As a matter of fact, Petabytes of content distributed across a network of memory devices, similar to the incredible amount of memory scattered across the human brain, are only manageable under the condition of (semantic) content- and to some extent also context awareness. Hence, content-awareness creation is of utmost importance. Fortunately, the distributed, but connected processing and memory faculties of CE networks provide sufficient computational resources to perform the required multimedia content analysis and to memorize the generated content-awareness-creating content descriptors. It is, therefore, foreseeable, that such networks will efficiently share functionality, resources (memory, processing) and content such as to support distributed analysis applications. Hence, connected CE devices will attract consumers soon through smartly interoperating with each other and through their integration with e.g. internet services providing intuitive, state-of-the-art capabilities and applications, respectively.

The underlying required domain-specific audio-, music-, speech-, image- or video content analysis (expert) systems, each exploiting one sensorial signal in isolation, have been developed during the past decade by various independent expert teams. The majority, whereof, has been developed in isolation of the other expert systems and for one specific application domain only, mainly because of capability constraints. Unfortunately, human-communication-like content-awareness, enabling e.g. human-like search queries, has to be based on smart combinations of those orthogonal multimedia content analysis results as done by our human brains automatically. In order to enable smart collaborations of those individual expert systems, spanning from music genre analysis to Automatic Speech Recognition (ASR) and from face localization / identification to emotion analysis, they have to be embedded in a flexible, extendable, scalable and upgradeable system. Flexibility, extendibility and scalability are guaranteed through a rigid modular approach, wherein each individual expert system (e.g. an individual analysis component) is encapsulated into a functional unit, further called Service Unit (SU), with clearly defined and standardized Input / Output (I/O) interfaces. The latter guarantee hassle-free upgradeability of individual SU expert systems through simple replacement of the involved analysis algorithms, provided that metadata I/O formats do not change.
The complex nature of such a system, i.e. a distributed service-oriented analysis engine hosting a multitude of disciplinary-orthogonal analysis algorithms, has to provide ease-of-use, robustness and interoperability.

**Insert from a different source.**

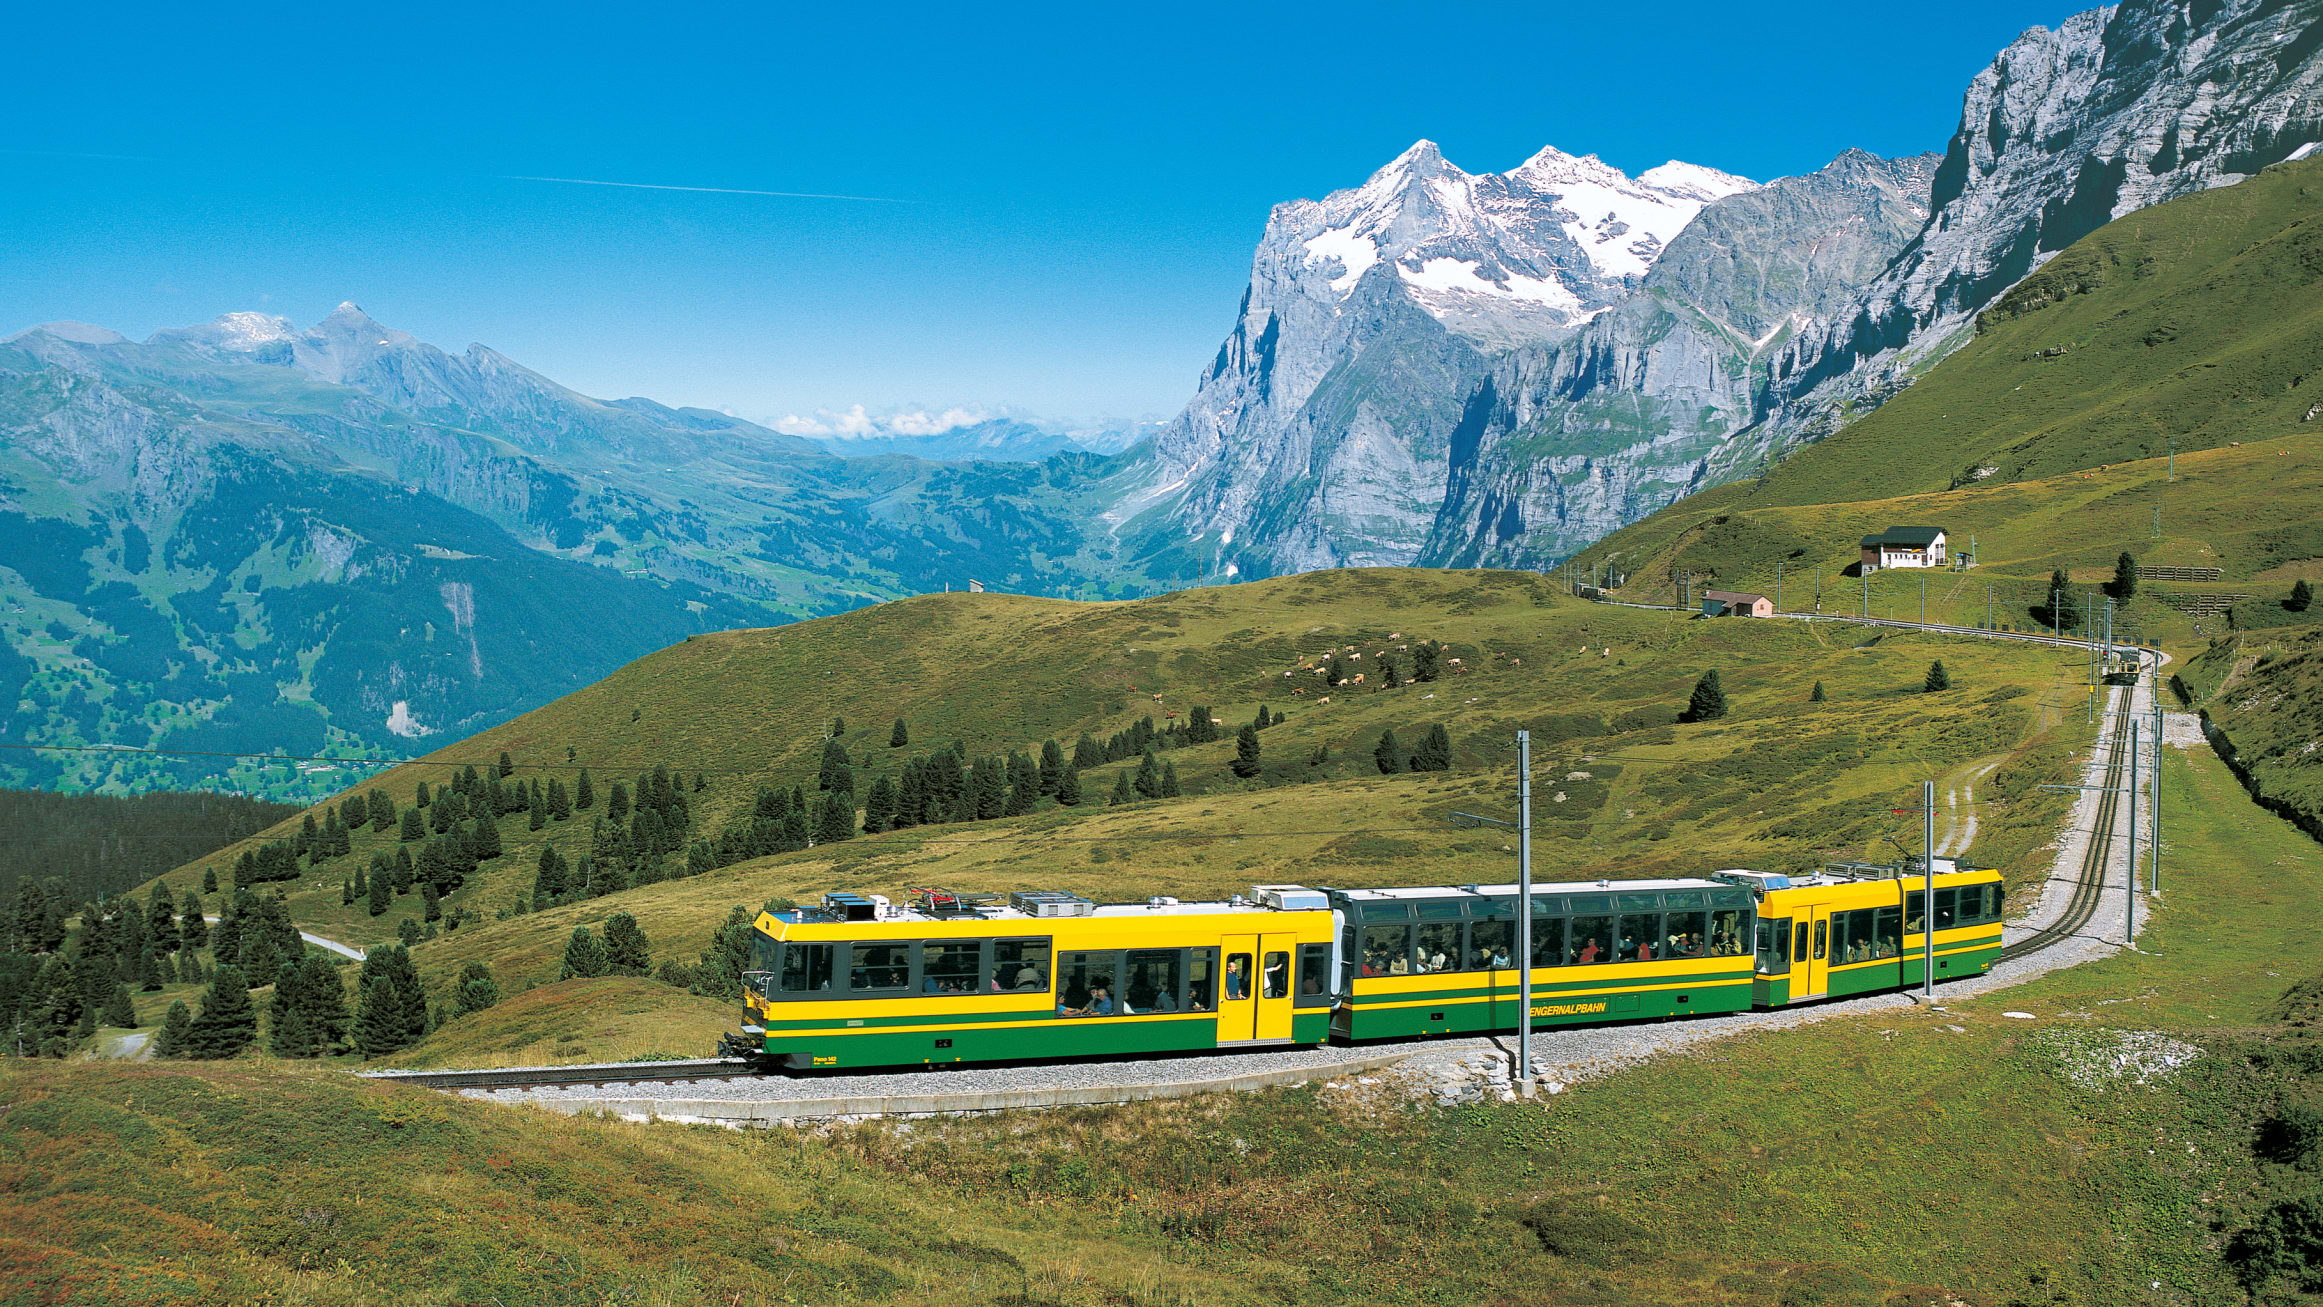 Pictures | jungfrau.ch

Particularly, the integration of know-how provided by various disciplinary-orthogonal expert teams and the management of such a system should be time and effort efficient. The system’s service-oriented, modular nature realized through SUs (as described in section II), and SUs’ standardized I/O interfaces allow algorithm expert teams to efficiently and transparently integrate their algorithms into the system, but also to effortlessly upgrade (replace) them and, finally, to co-develop combined joint solutions.

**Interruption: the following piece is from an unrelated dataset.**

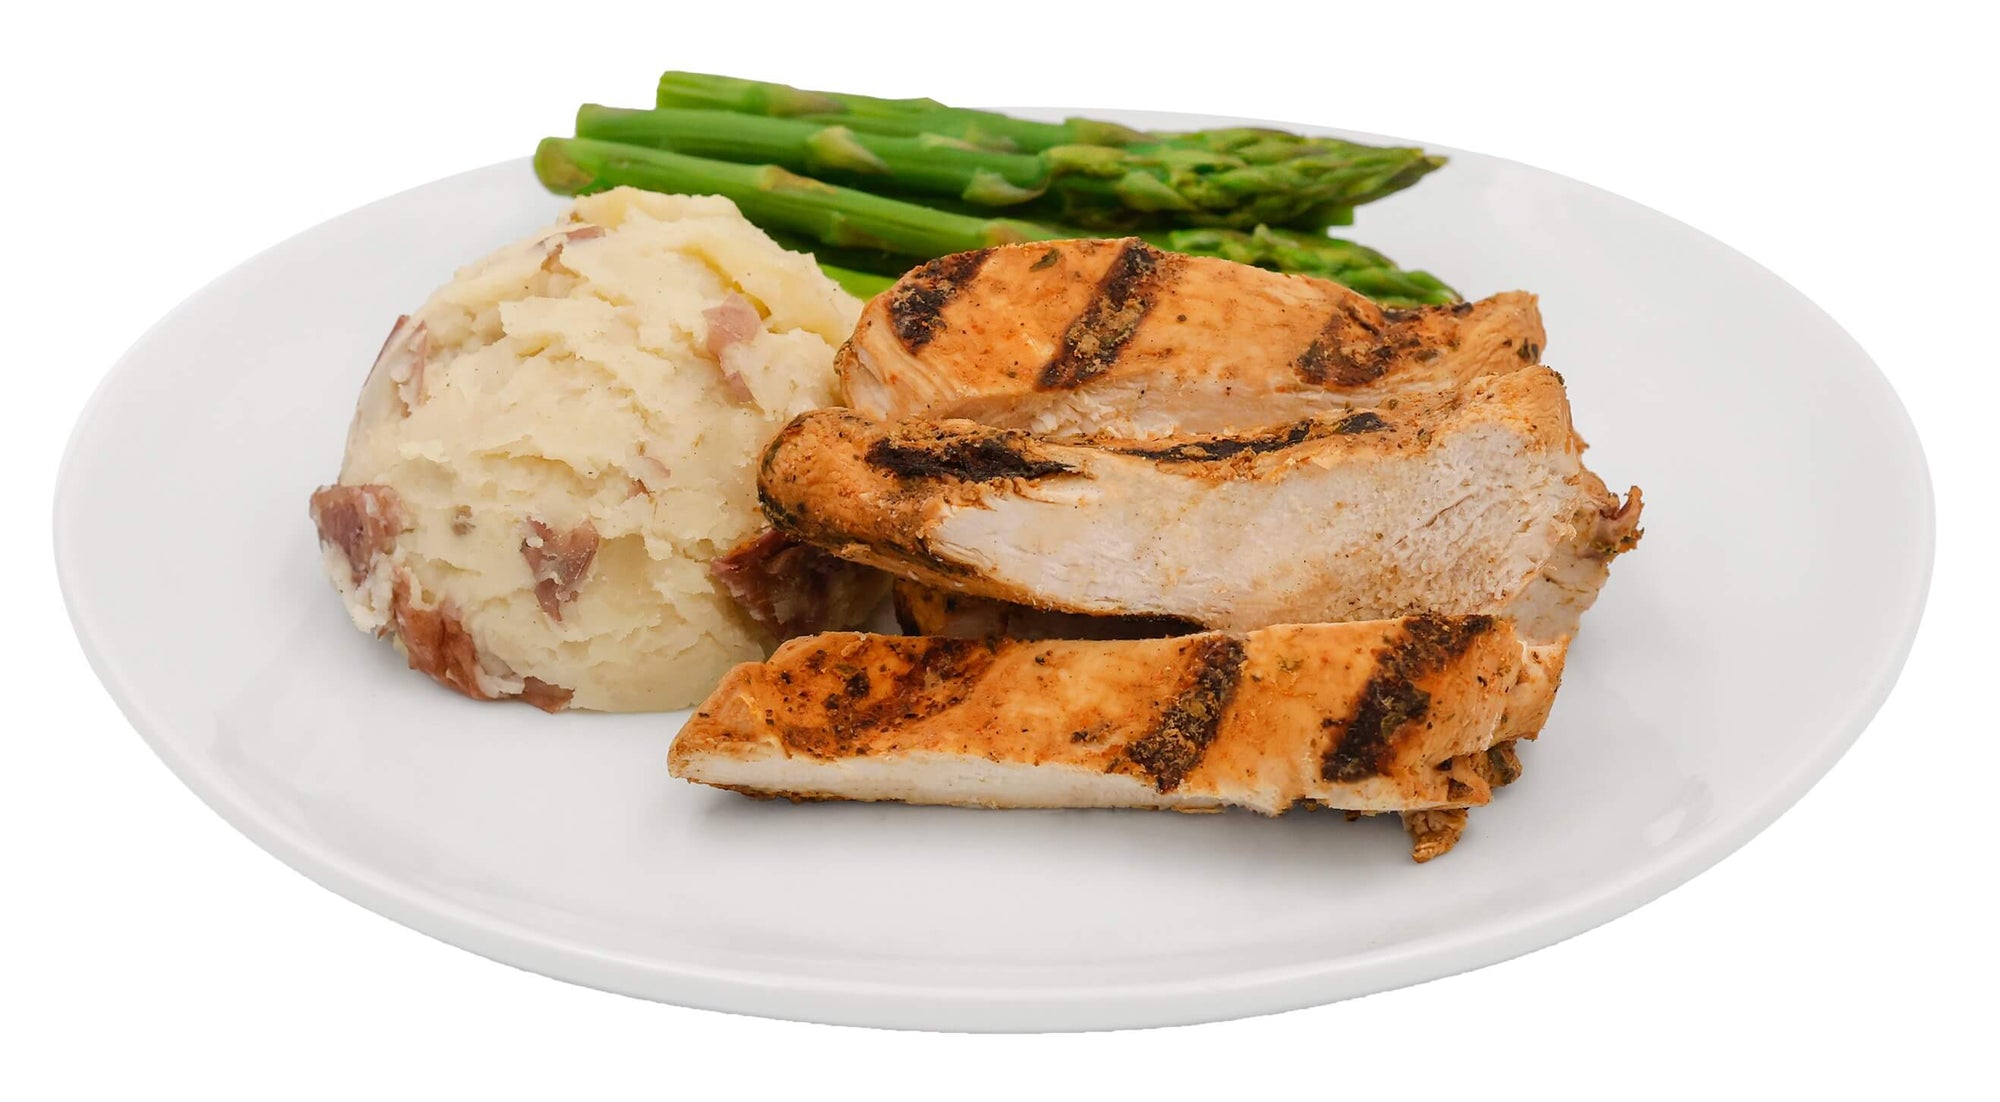 #24 Grilled Chicken, Red Skin Mashed Potatoes & Asparagus Image 1 Prep Kitchen

Needless to say, that the complex nature of such a distributed analysis engine necessitates smart system management solutions to grant robustness, especially if the system should perform 24 hours, 7 days a week (27/7).

First of all, auto-discovery of services (Service Units) and auto-configuration of the system are required to establish the distributed analysis engine, using a Use Case Manager as described in section II. Hereunto the latter has to be bandwidth-, processing- and memory faculty aware (resource-aware) at every time instance able to dynamically distribute services (Service Units) across the distributed device entities, also called dynamic auto-load balancing. This Resource Management allows resource- and cost efficient usage of the distributed faculties, which for the exclusive case of shared processing is often called grid computing. Furthermore, dynamic resource awareness provides the system with self-awareness required to guarantee Quality of Service (QoS).

Hence, self-organization, self-management and interoperability have been achieved by focusing on the network as the meeting point for these functional Service Units, exposing them as services. In the same, resources and content are made available on the network encapsulated as services. In addition, by using explicit description of these services and by making management handles available for external control, as described in section II, the required self- manageability has been realized.

Finally, to grant sufficient stability and robustness auto-error detection and auto-error treatment have to be added to the self-management solution. Especially, in the special case of multi-team, -programmer and -supplier conditions the treatment of errors is of uttermost importance for 24/7 system solutions. An auto-error detection, auto-error treatment (auto-recovery) and self-healing will be described in detail in section III.

The final result is a system in which new analysis algorithms are effortlessly integrated in applications simply by examining their description after exposure on the network, as shown in section V.
In this paper we describe a service-oriented distributed multimedia content analysis prototyping framework, which, in addition, also serves as a demonstration of automatically cooperating devices. The paper is organized as follows. Section II elaborates the service concepts in more detail. In section III and IV the specific cases of error handling and data management are elaborated. The results are presented in section V and the conclusions are summarized in section VI.

II.the service oriented architecture

Global Structure
Our aim is to develop a software architecture that facilitates the composition of applications from distributed components. The platform of our applications consists of a network of cooperating devices such as personal computers, consumer electronics equipments as well as mobile terminals such as telephones. Hence, our applications are naturally distributed over multiple devices and must be designed such that they can function in a changing environment. The internal software of devices comes from different manufacturers and we must be able to easily integrate new pieces of software of unknown quality. Our software model supports this by describing applications as the coordination of passive services running on devices in the network. In order to explain this we first look at more traditional ways to look at distributed applications.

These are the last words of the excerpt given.